For me, the answer lay in re-framing my lean efforts in terms of capacity increase. Rather than my primary metric being labor costs saved, I focused instead on capacity. Consider that reducing waste increases capacity. Every pull system, every instance of visual management, every 5S initiative, every throughput improvement, increases the capacity of the direct labor force, but just as much increases the capacity of management. Every line-level waste reduction has a corresponding upstream increase in management capacity to take on new roles and pursue new opportunities. Senior management certainly wants to contain and reduce costs, so I would never advocate hiding cost savings. But they detest the idea that any asset goes under-utilized, be it a machine, a line-worker, a manager, or a whole department. Consider making this capacity increase your primary metric of improvement and presenting cost savings secondarily. The message then becomes we have more management capacity to pursue new opportunity and with the money we saved, we can accept the risk of pursuing it.
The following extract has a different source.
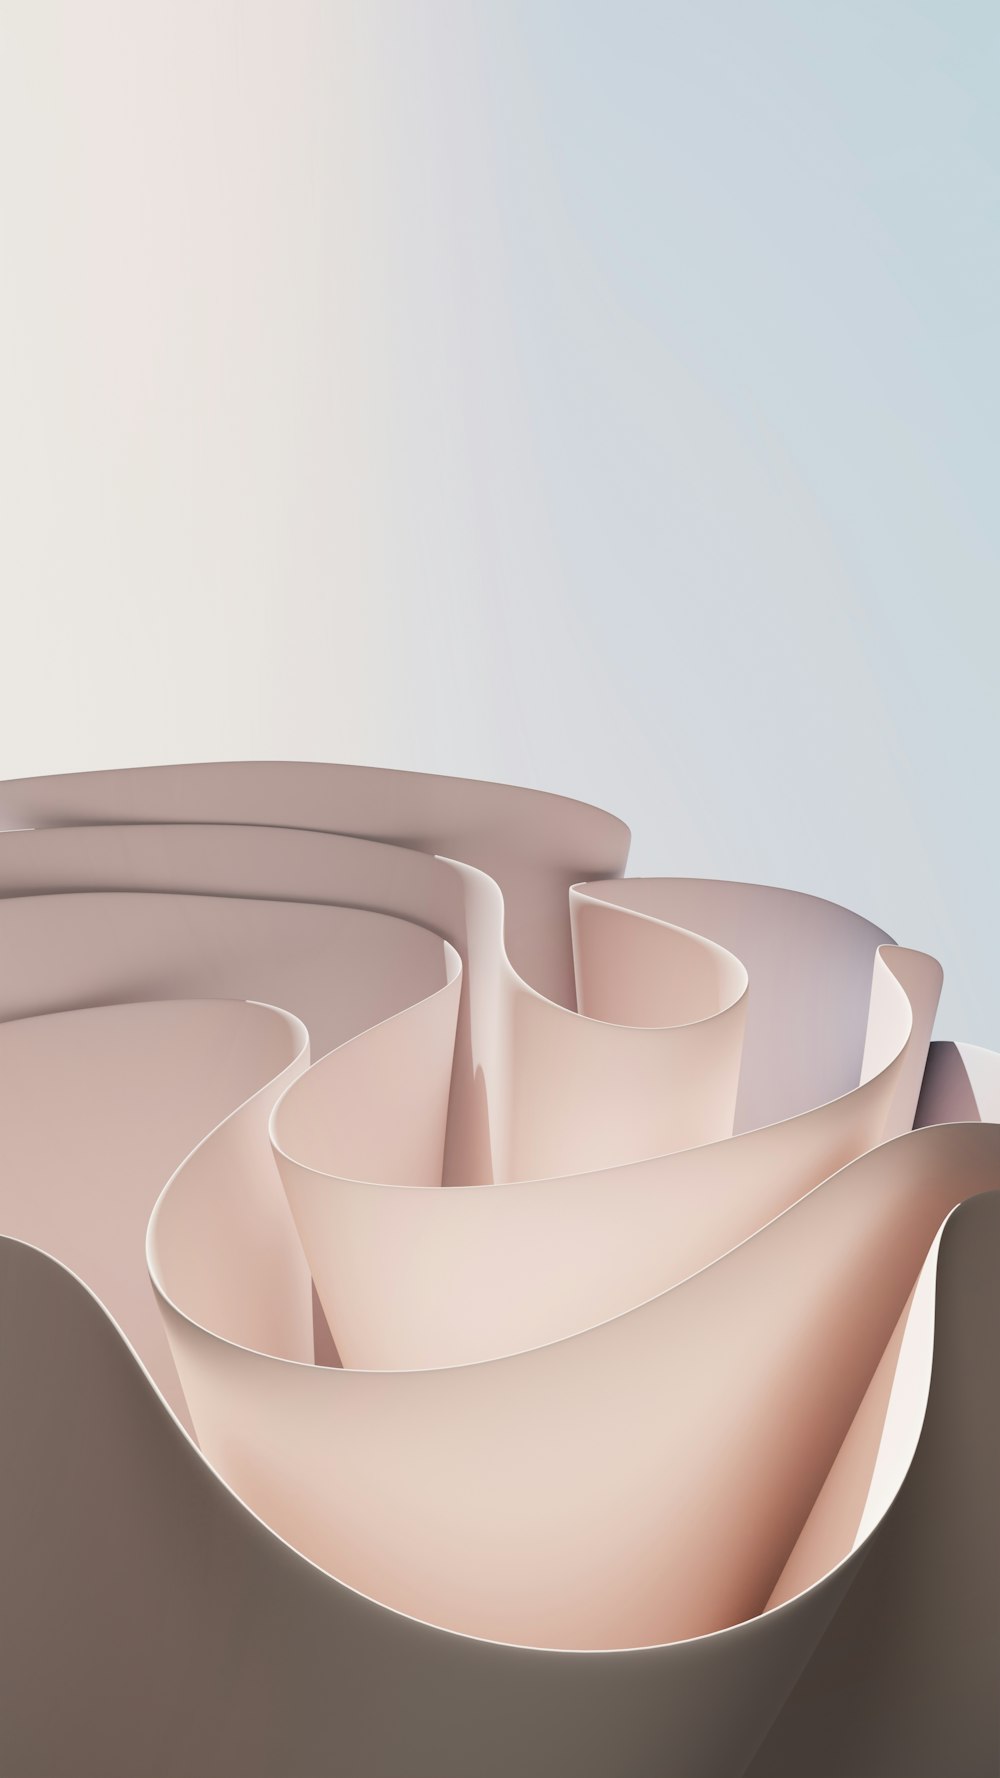 Image générée par ordinateur d’une surface courbe

I often advocate to listen at least politely to what people say, but intently to what they mean. Reflecting on my own interactions with senior management let me see that there was more common ground than there appeared. When I rephrased the results of just a few line-level improvements as a story of nearly 1000 hours of increased management capacity, I was able to ask, “How are we going to use that capacity to grow this business?” and “Can I use some of that time for training and expanded cross-functional involvement in new projects?” Using the same data to tell a different story resulted in middle managers suddenly seeking my advice (doubtless under direction to do so) on their own problems. Then, a facility-wide flow improvement project moved from proposed to approved, and I found myself included in management meetings at a much higher level. So, if you don’t want lean to be “all about cost reduction,” don’t present it that way. If you do, don’t be surprised when the response is “That’s great! Do more of that.”